Parecía fascinada por la tela plisada de la almohada.
Jack hizo una pausa. Luego dijo:
– Amelita, pero ahora, según tengo entendido, quiere matarte.
– Eso le dijo ella, ¿verdad? Sí, estaba tan enfadado que se creía que iba a coger la lepra, pero no la cogerá. No se pega de esa forma, ¿sabes?, como esa enfermedad que ahora es tan popular, o como el chancro. Alguien tiene que explicarle a Bertie que no la cogerá. Aunque he oído que el comandante Edén Pastora, que también está con los contras, tiene la lepra de montaña, pero no sé qué clase es ésa. A lo mejor es sólo por picaduras de insectos.
– Espera, ¿vale? -dijo Jack-. Ese individuo te raptó. Quiero decir, antes. Te desapareció, llegó por la noche y se te llevó a la montaña. ¿No es verdad?

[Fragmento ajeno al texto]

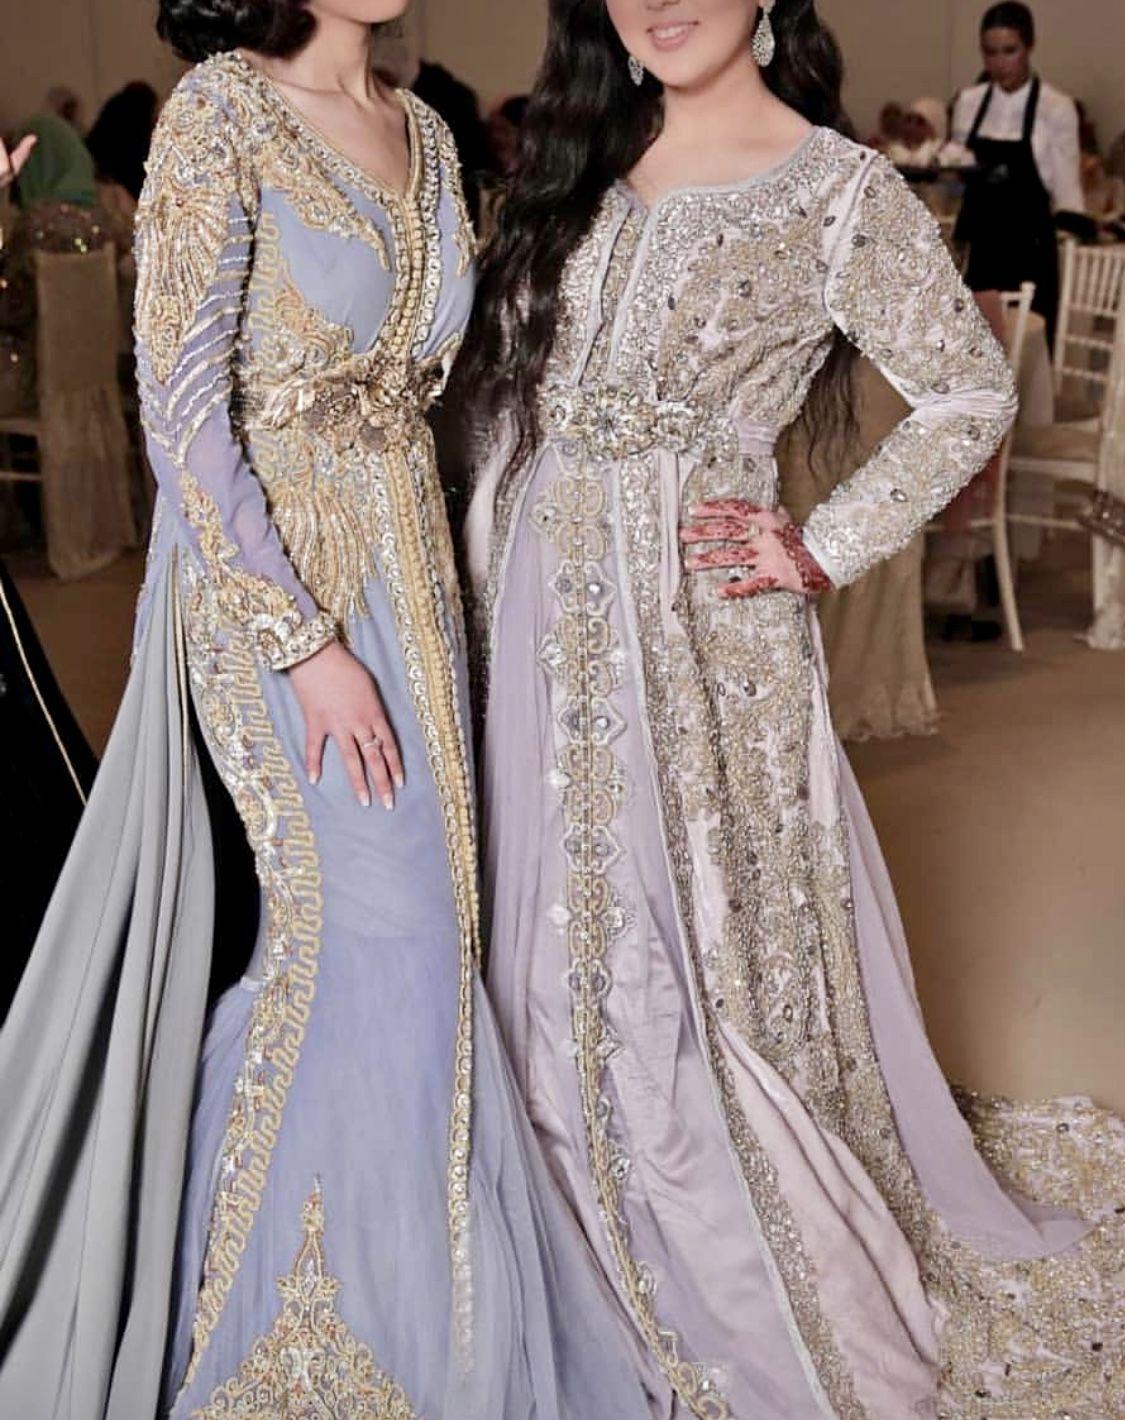 Pin By Carola J Read On Kaftans Pinterest Caftans Kaftan And Jolie Clothing Aftan Dress Abayas

– Sí, claro. -Se volvió hacia él con mirada de sorpresa-. Quiere que esté con él. -Su mirada se suavizó al seguir hablando-. Cuando te gusta mucho una chica, ¿no quieres que esté contigo? Tú tienes novias, me juego algo a que tienes varias. -Sonrió, acercándose-. Un tipo guapo, que lleva ropa cara… -Cogió la corbata rayada de siete dólares entre sus dedos, para apreciarla-. He visto tus bonitas habitaciones, con una gran nevera en la que hay cerveza y una botella de vodka. Seguro, me juego algo a que traes chicas por la noche. A lo mejor se quedan a dormir… Oh, pareces sorprendido. En Managua conocí a algunos chicos norteamericanos que hacían eso, que abrían mucho los ojos. «¿Quién, yo?» Como niños pequeños. Creo que eso sólo lo hacen los norteamericanos, pero no estoy segura. Quieren hacerte creer que siempre son muy buenos. Pero tú traes chicas aquí, ¿no? Dime la verdad.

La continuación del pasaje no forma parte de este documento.